We’re happy to let you know that all of your incentive equity will become vested as of the closing of this transaction. Meaning, your unvested incentive equity will be treated the same in the transaction as your vested incentive equity. So, as an example, if you received an equity award for 100 shares of restricted stock that is unvested as of the closing of the transaction, all of those shares will be converted into the right to receive the offer price, which is currently set to be $64 per share, or a total of $6,400, regardless of any unmet time or performance conditions that may still apply to your award. For your stock option awards, whether or not otherwise vested at the time of the closing of the transaction, you will have the right to receive, for each option, an amount of cash equal to the difference between the offer price and your option’s strike price.
If you are an existing stockholder and you own Mattress Firm stock, you will receive communication in the mail on how to tender your shares in the coming weeks. If you choose to tender your shares into the offer, upon the closing of the offer, your shares will be cancelled and you’ll receive a cash payment equal to the number of shares that you tendered into the offer multiplied by the offer price, which, as noted above, is currently set to be $64 per share.
As for any future incentive awards, although we’re not currently sure what these will look like, in preliminary conversations, Steinhoff has affirmed its intention of having some form of go-forward incentive program.
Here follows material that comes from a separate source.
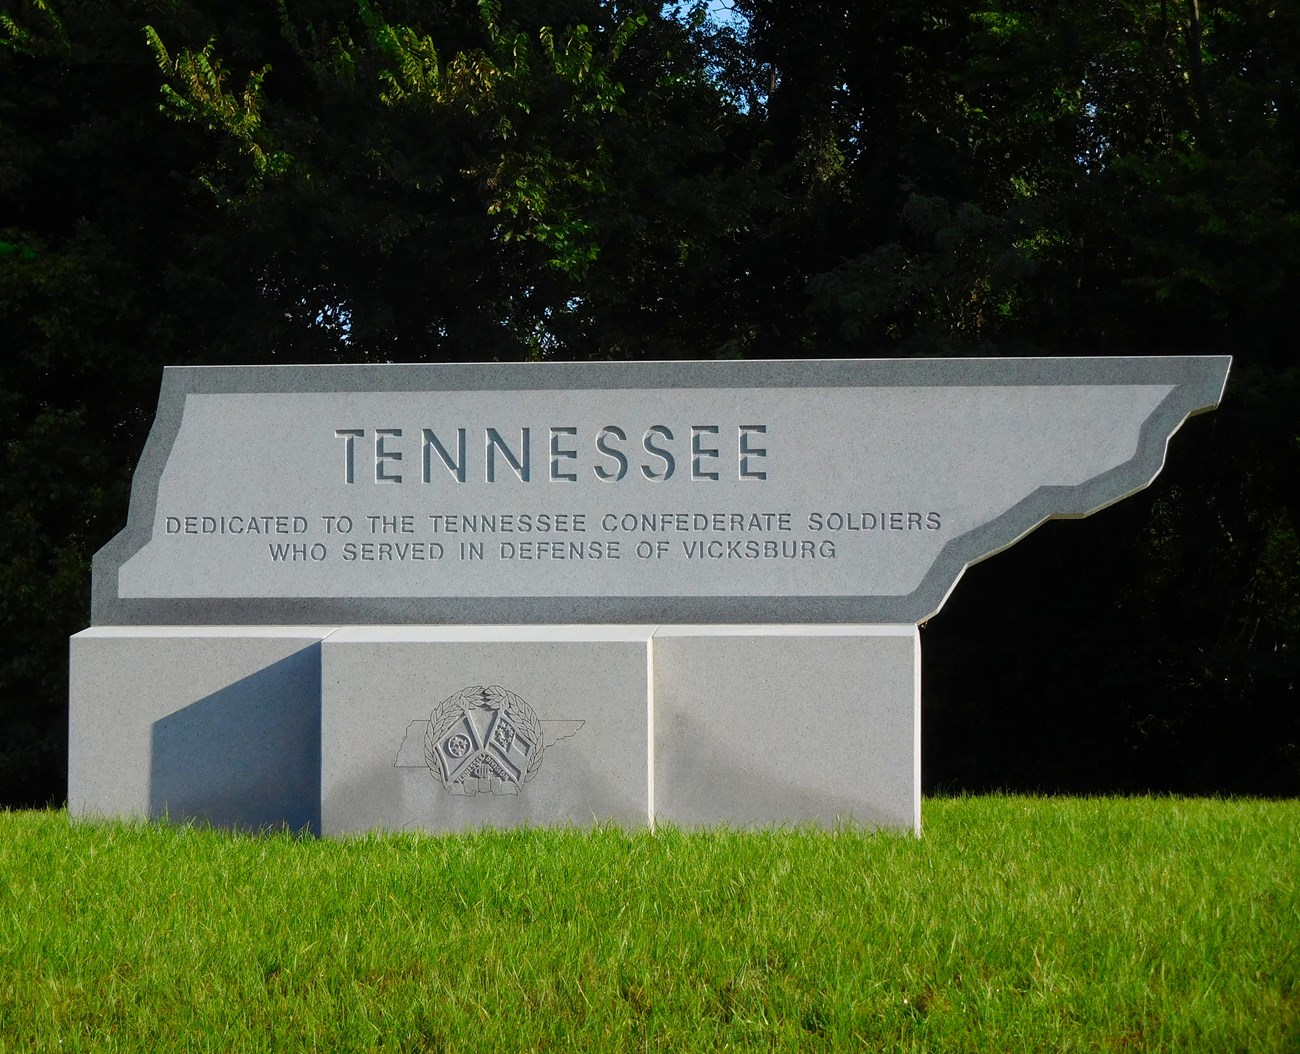 A granite memorial in the shape of the state of Tennessee In the middle of the inscription.

One of our goals between now and the closing of the transaction is to gain more clarity around the particulars of what any such go-forward program will look like.
For now, please keep in mind that any and all payouts relating to your equity will be subject to applicable taxes. We recommend that you consult with your tax advisor regarding the specific tax consequences to you. As a reminder, the information contained in this memo is for illustrative purposes only, as this information presumes that enough shares will be tendered into the offer to support the closing of the transaction and that the deal will pass all applicable regulatory approvals and satisfy other closing conditions. If the transaction does not close, your incentive equity will remain outstanding in accordance with its existing terms.
I’d like to thank you all for your work to help Mattress Firm get to where we are today. I am incredibly excited about what we will accomplish together over this next chapter of our continued pursuit to improve lives one relationship at a time and become the preferred choice for better sleep — now on a global platform.
Once we have greater clarity around our future long-term incentive plans, we will likely host a webinar to update the team on that process.
CAUTIONARY NOTE REGARDING FORWARD-LOOKING STATEMENTS
This communication contains forward-looking statements. Any statements contained herein which do not describe historical facts, including but not limited to, statements regarding the expected timing and closing of the tender offer and the merger transactions, the ability of Mattress Firm to complete the transaction, the operations of Mattress Firm’s business during the pendency of the transaction and the expectations for the business in the event the merger is completed, are forward-looking statements which involve risks and uncertainties that could cause actual results to differ materially from those discussed in such forward-looking statements. Such risks and uncertainties include, among others: the risk that Mattress Firm stockholders will not tender shares in the tender offer; the possibility that competing offers may be made; the possibility that various closing conditions may not be satisfied or waived; or that a material adverse effect occurs with respect to Mattress Firm; the outcome of legal proceedings that may be instituted against Mattress Firm and/or others related to the proposed transaction; effects of disruption from the proposed transaction making it more difficult to maintain relationships with employees, customers and other business partners; and those additional factors discussed in Mattress Firm’s most recent Annual Report on Form 10-K and subsequent Quarterly Reports on Form 10-Q filed with the SEC. Mattress Firm cautions investors not to place considerable reliance on the forward-looking statements contained in this communication. These forward-looking statements speak only as of the date of this communication, and Mattress Firm undertakes no obligation to update or revise any of these statements.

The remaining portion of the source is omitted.